WHAT TO DO:
Once you find the line below that has "Bulwark CLZ4L EXCEL", output it and every line after it exactly, stopping after the line that has "Green Leaf Necklace, Natural Stone Necklace", with no pictures.

[[ EXERCISE MATERIAL open ]]

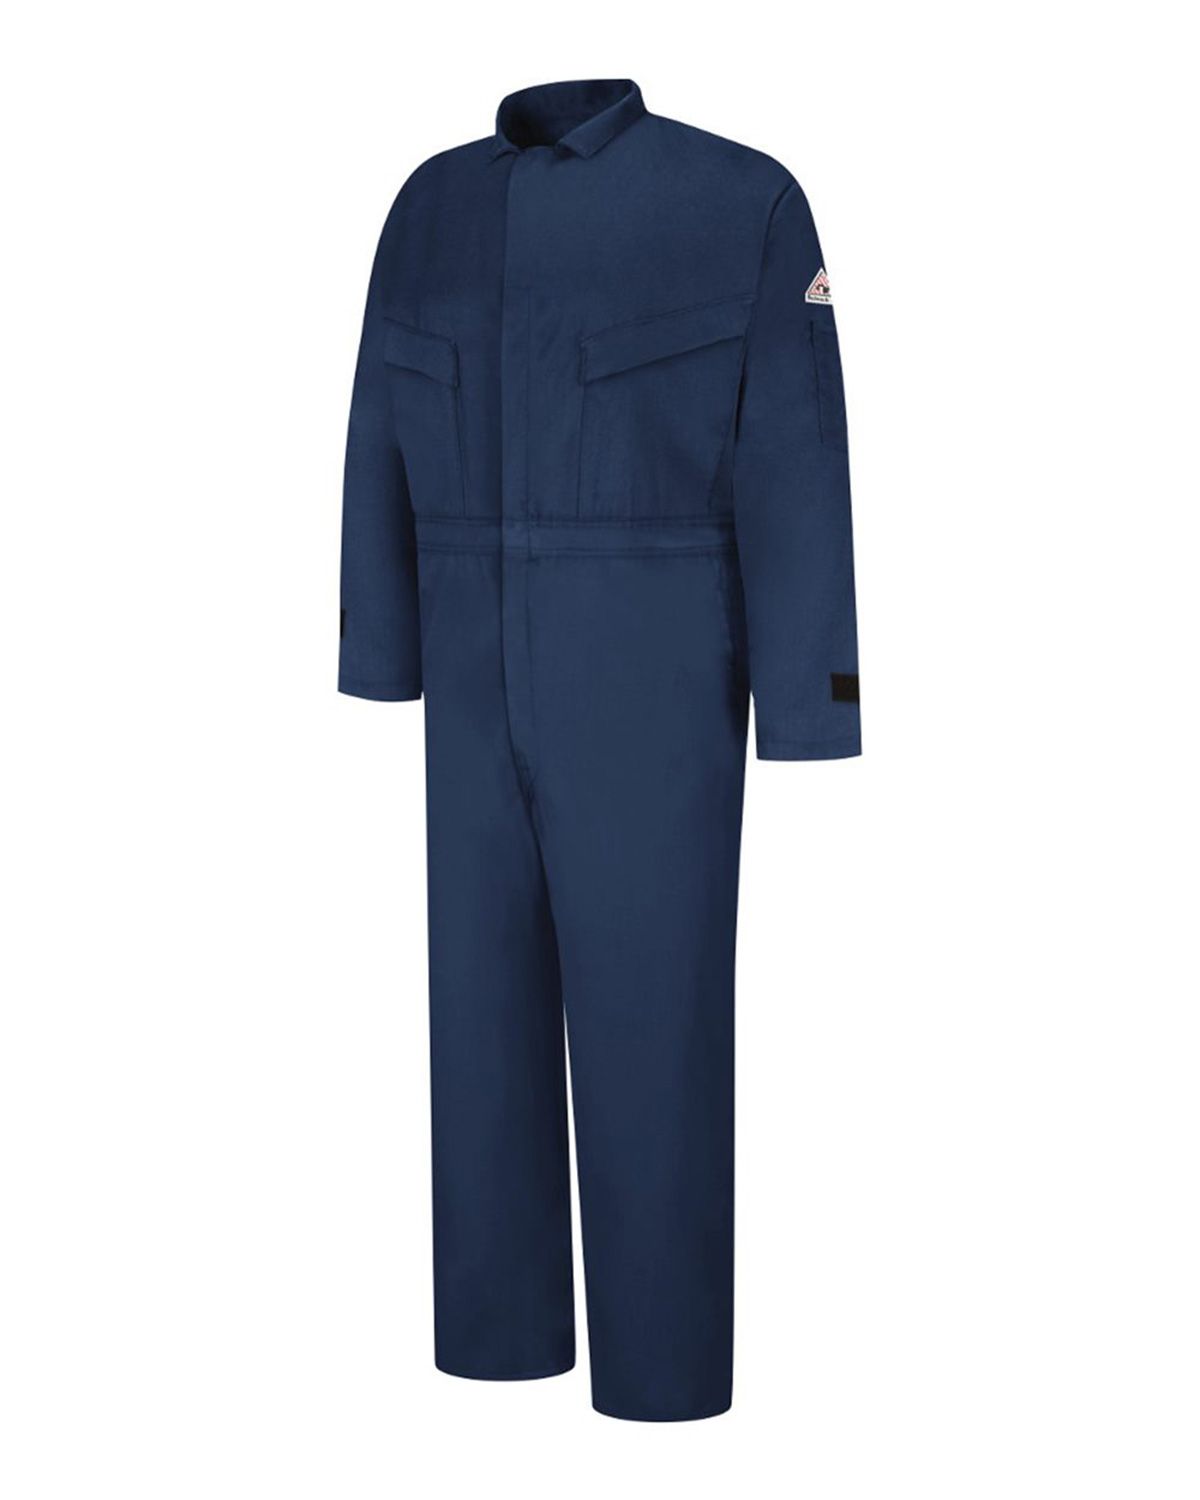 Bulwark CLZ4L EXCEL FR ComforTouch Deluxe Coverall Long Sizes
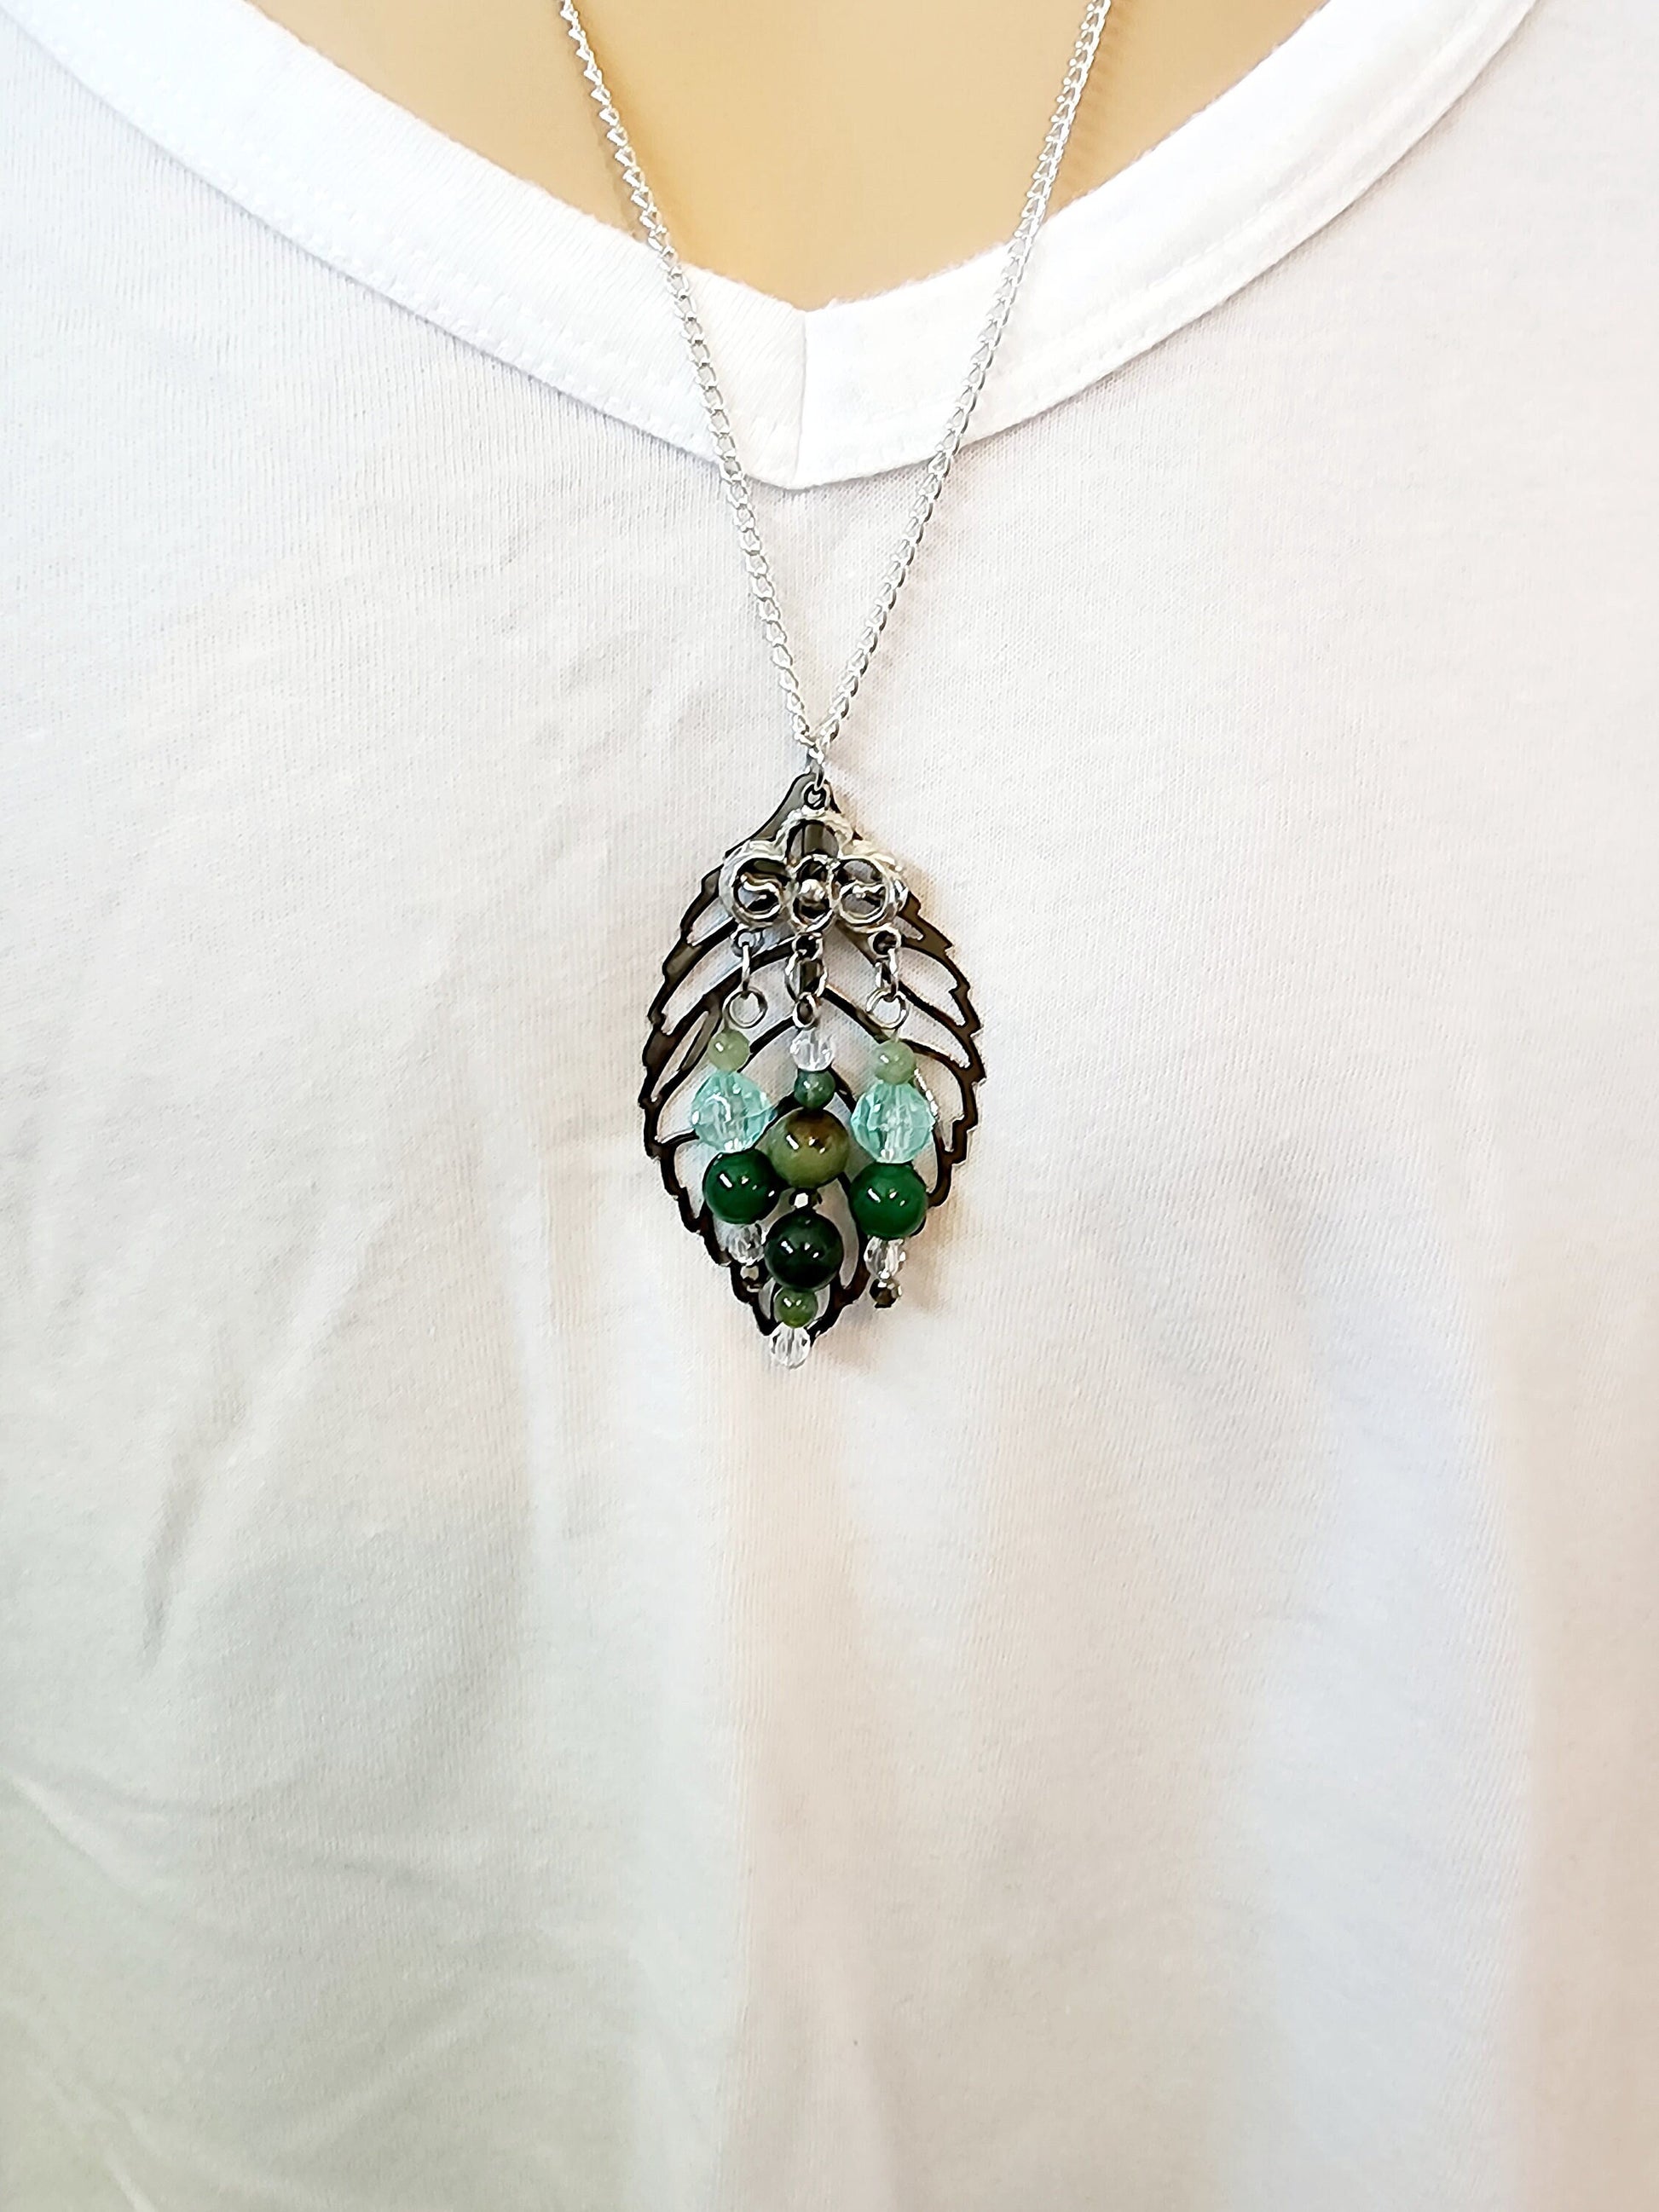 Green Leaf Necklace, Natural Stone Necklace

[[ EXERCISE MATERIAL closed ]]
[[ EXERCISE MATERIAL open ]]

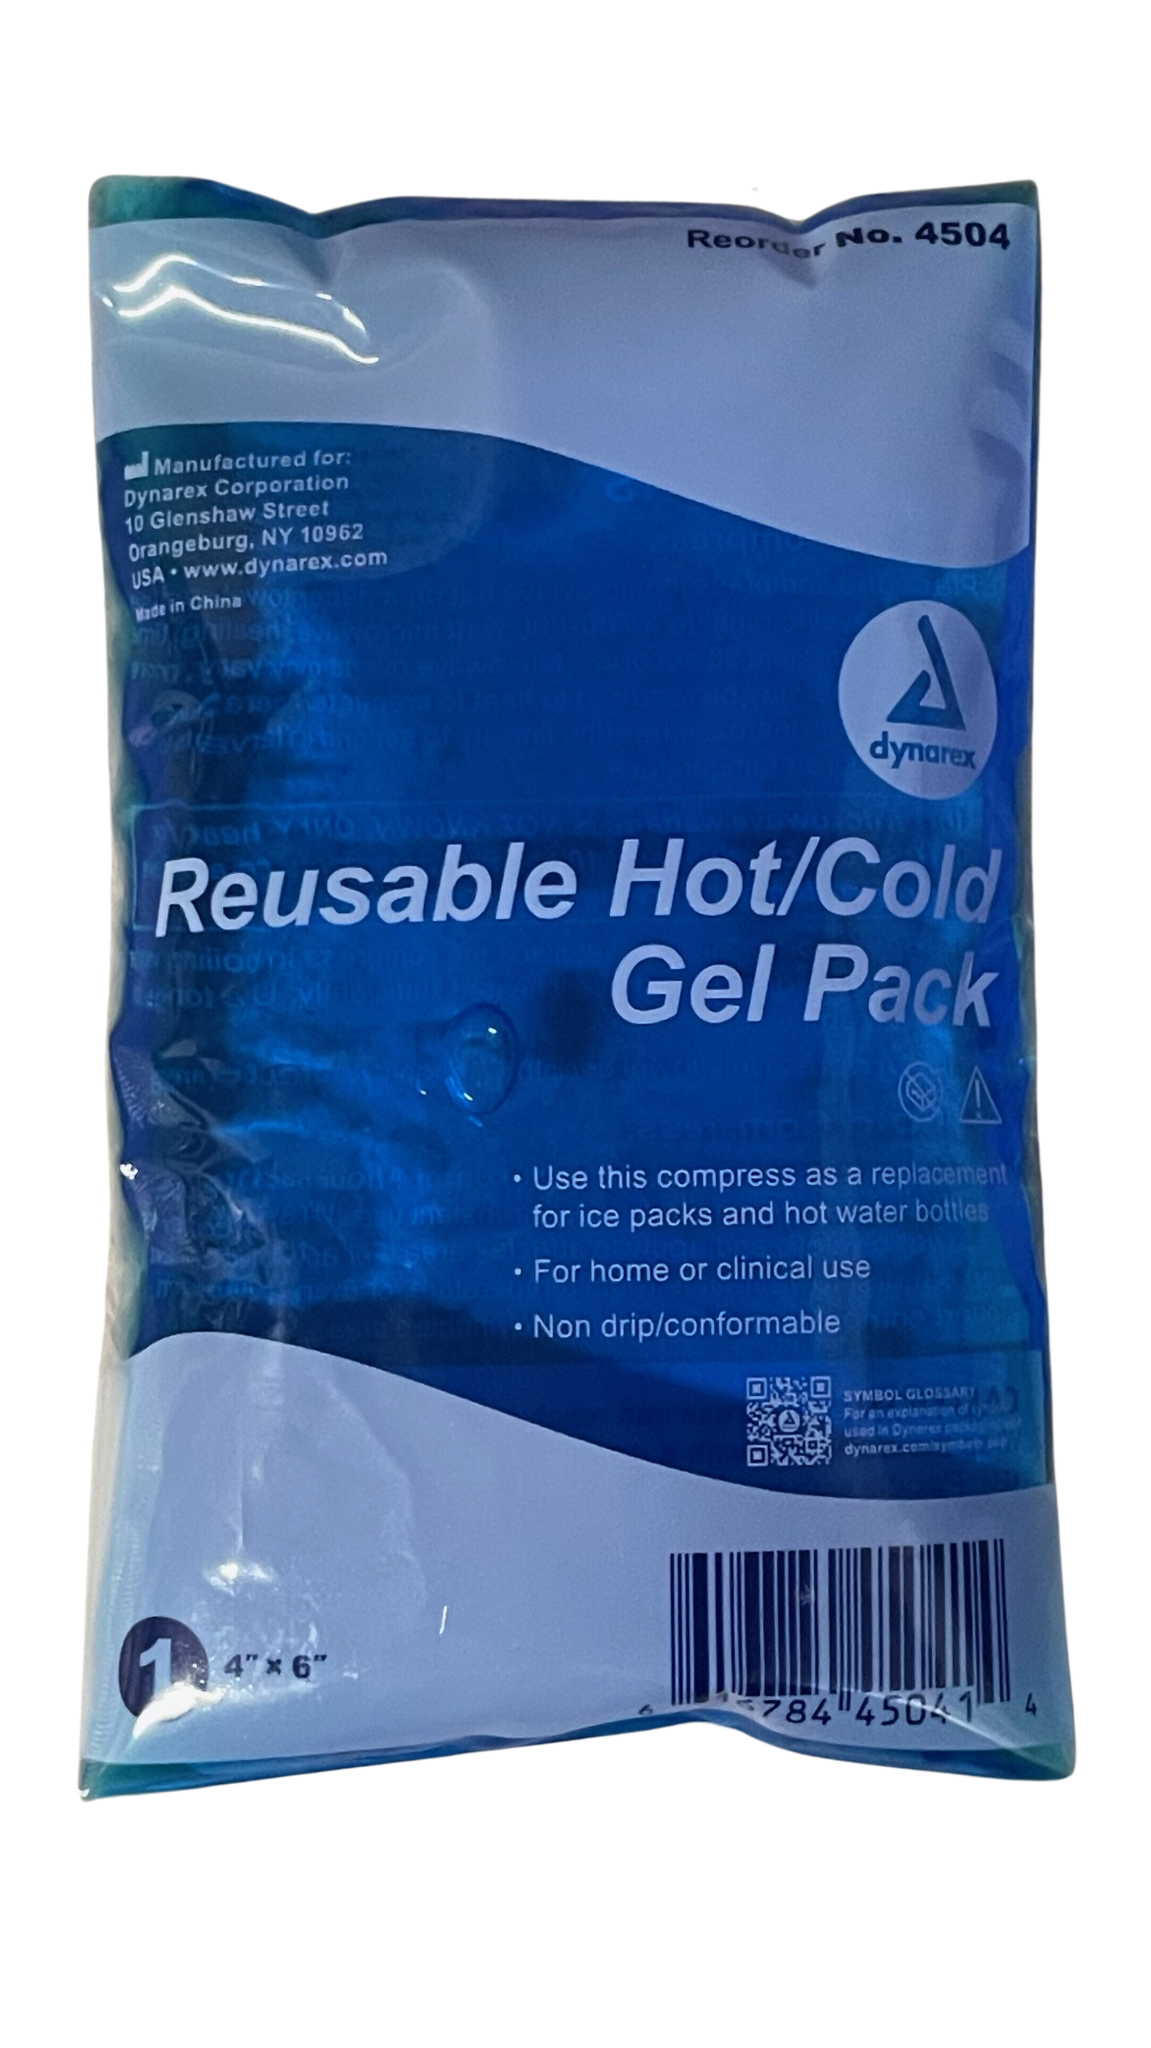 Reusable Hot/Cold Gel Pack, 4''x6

[[ EXERCISE MATERIAL closed ]]
[[ EXERCISE MATERIAL open ]]

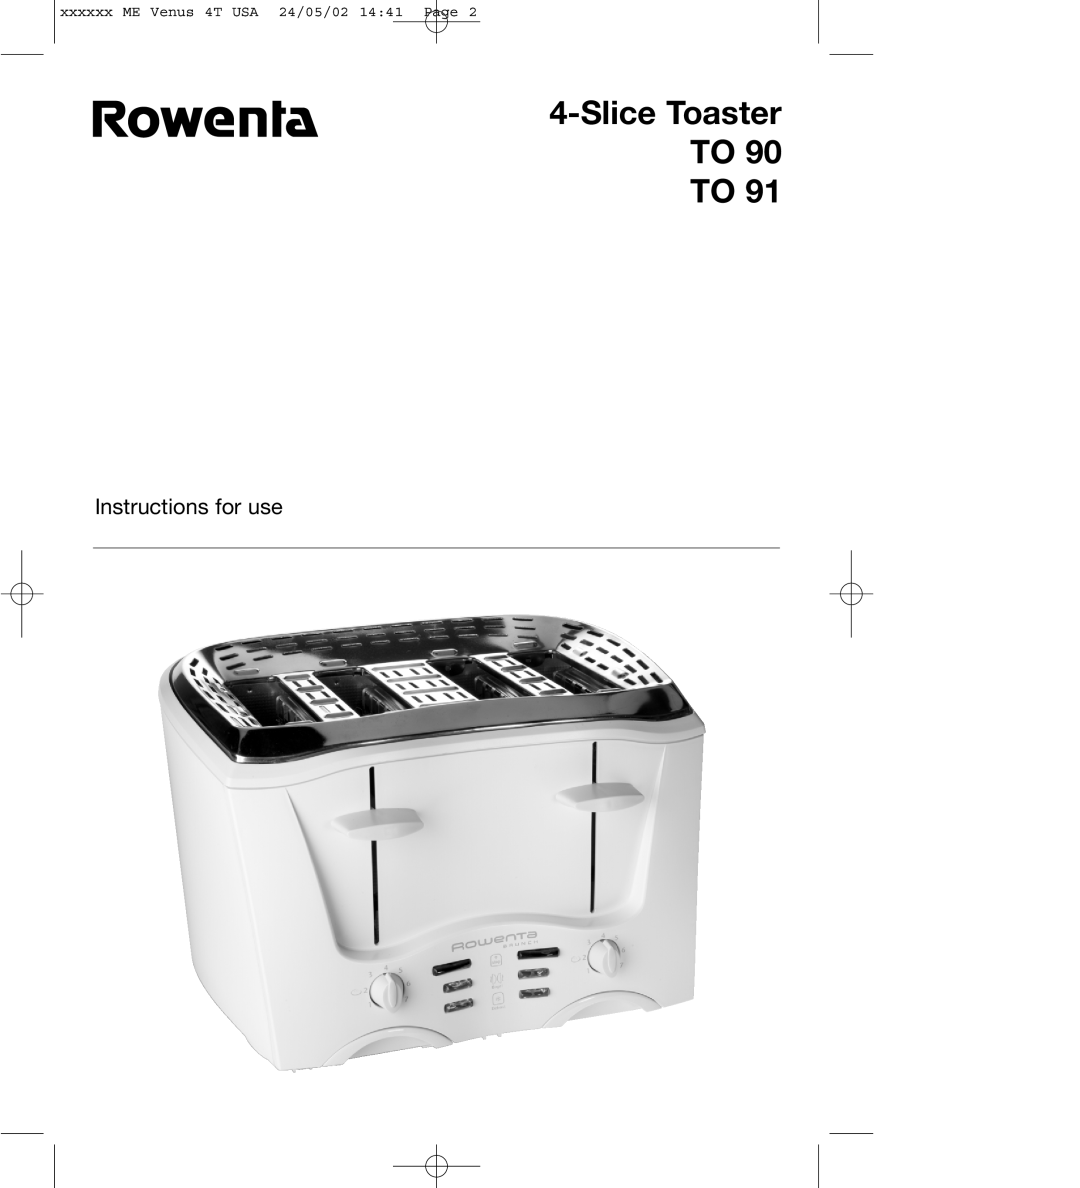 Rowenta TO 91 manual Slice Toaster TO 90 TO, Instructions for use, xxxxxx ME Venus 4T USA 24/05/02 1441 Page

[[ EXERCISE MATERIAL closed ]]

TASK ANSWER:
 Bulwark CLZ4L EXCEL FR ComforTouch Deluxe Coverall Long Sizes
 Green Leaf Necklace, Natural Stone Necklace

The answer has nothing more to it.